O presidente Giovani Luigi, um sujeito afável e sério, que conheço há muitos anos, está sob fogo cruzado. Por isso, se defende como pode, inclusive apelando para inverdades.

Em sua entrevista de hoje, horas depois de confirmada a decisão da Fifa de alijar Porto Alegre da Copa das Confederações, Luigi afirmou que esse torneio nunca foi o objetivo do Inter, e sim a Copa do Mundo, e é para ela que o clube se programou.

Essa afirmação não me soou bem. Eu tinha como certo que o Beira-Rio estava comprometido com as duas competições, mas fiquei em dúvida depois de ouvir o presidente colorado – que, a bem da verdade, virou refém da empreiteira, conforme afirmou o ex-Vitório Piffero – tentando justificar o injustificável.

Fui socorrido pelo twitter do @fabriciocpovo, o repórter que mais sabe das coisas do Inter. Ele postou no final da tarde que o Inter ao assinar o caderno de encargos da Fifa comprometeu-se a ter o Beira-Rio pronto também para a Copa das Confederações.

O Inter, segundo a Fifa, que parece ter mais poderes que a ONU, não honrou o compromisso firmado.

Não tenho dúvida de que o Inter queimou seu filme com os velhinhos sapecas, e espertos, da Fifa. Eles poderiam esperar mais um pouco.

A retirada da Copa das Confederações foi um recado. A Fifa botou pressão no Inter, e quem vai ganhar com isso é a tal empreiteira, que agora vai firmar o contrato que quiser, a não ser que Luigi e seus companheiros de diretoria queiram correr o risco de perder também a Copa do Mundo.

Quem também fez uma pressãozinha foi o astuto presidente da CBF, que, segundo o presidente da FGF, Noveletto, já cogita em defender a Arena gremista como sede dos cinco jogos do mundial que virão para Porto Alegre.

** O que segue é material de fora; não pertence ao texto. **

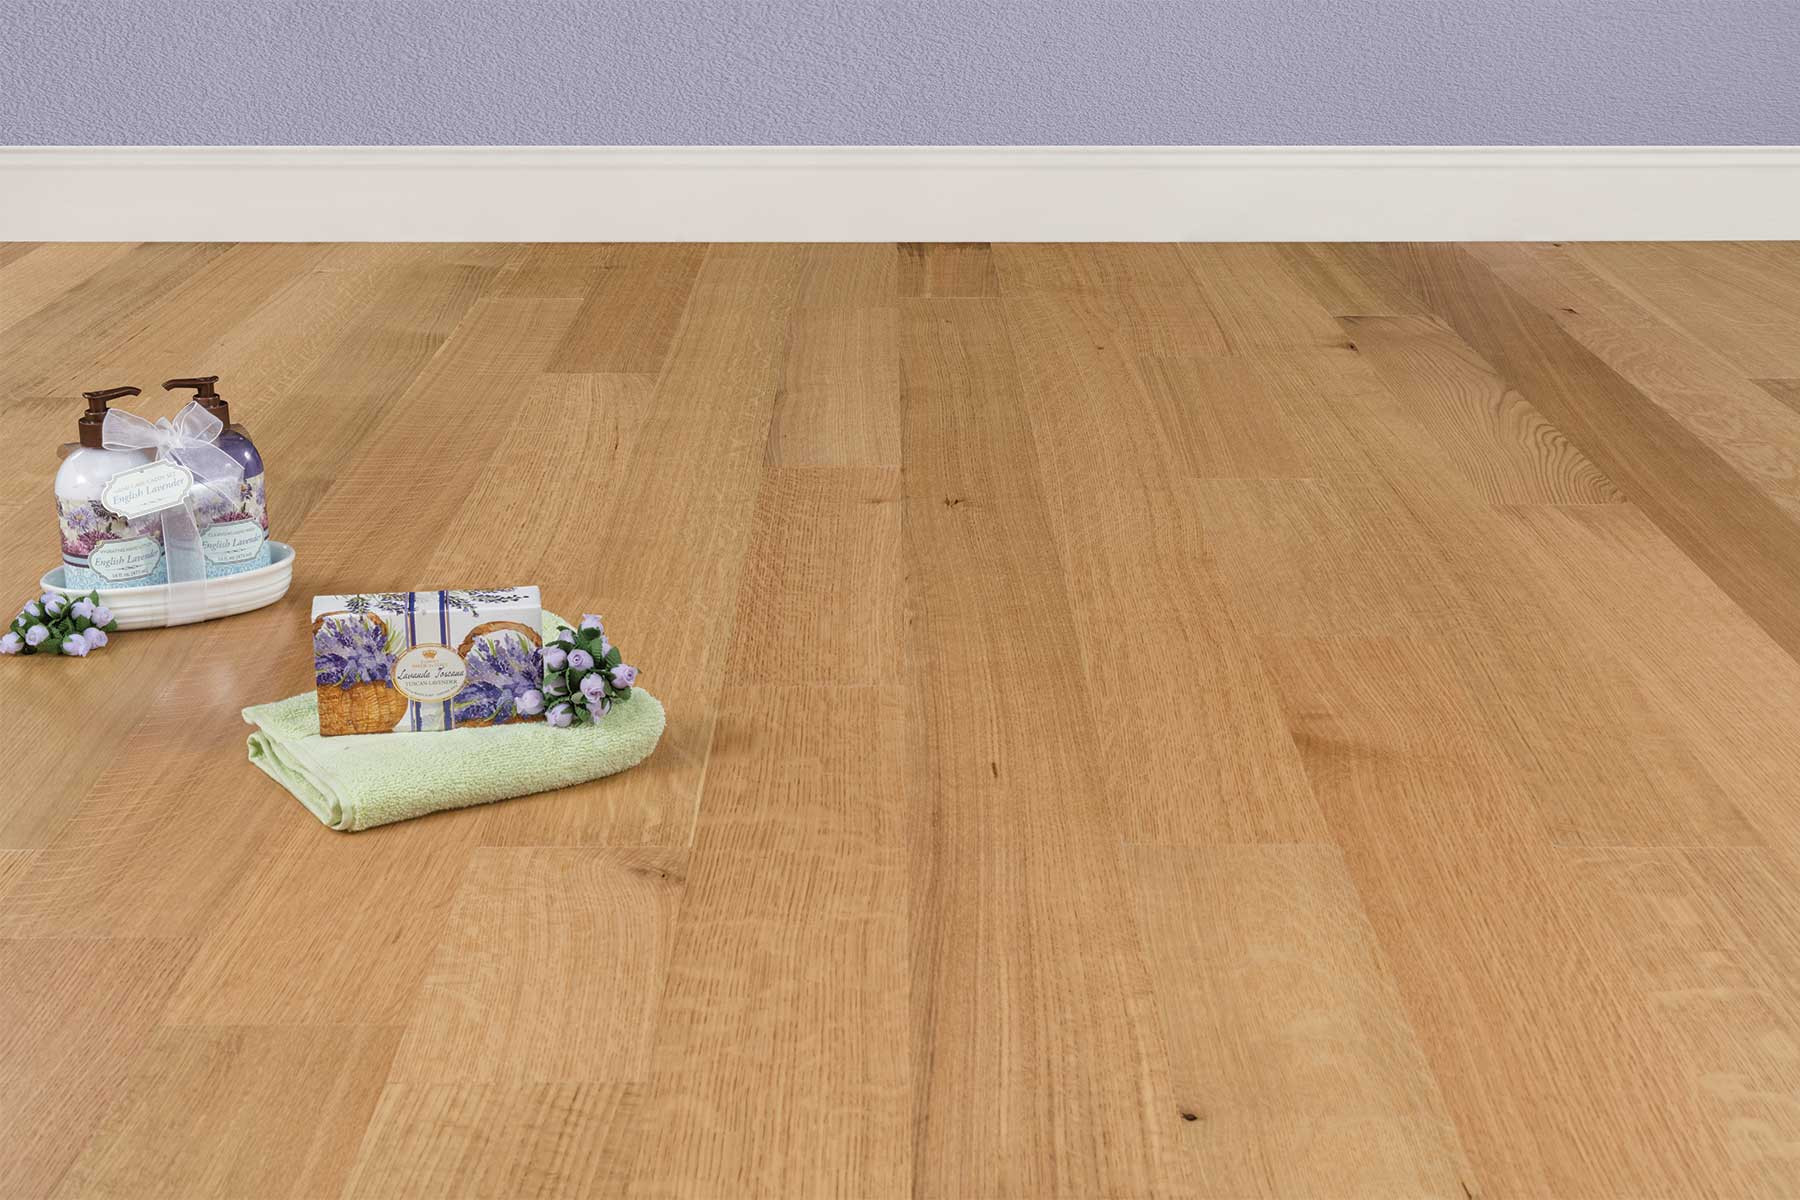 5 Inch White Oak Hardwood Flooring Of Wood Flooring Collections for American White Oak

Para mim, é tudo jogada para acelerar uma decisão do Inter, favorecendo a Andrade Gutierrez. Daqui a pouco o Inter estará comprometendo uma série de receitas, assim como o Grêmio já comprometeu.

Agora, se perder a Copa, o clube deixará de receber os mais de 60 milhões de reais de isenção fiscal concedidos generosamente pelo governo federal aos estádios da Copa, comprometendo a reforma do Beira-Rio.

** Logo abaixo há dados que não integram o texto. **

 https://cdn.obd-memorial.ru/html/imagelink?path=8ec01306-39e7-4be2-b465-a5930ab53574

Essa grana toda – assim como as fortunas que estão sendo aplicadas pela União em outras obras – poderia ser destinada à saúde, por exemplo, mas vai para esse imenso circo que está sendo montado e que vai enriquecer muita gente, principalmente os donos de empreiteiras, que vão rir muito de180 milhões de palhaços.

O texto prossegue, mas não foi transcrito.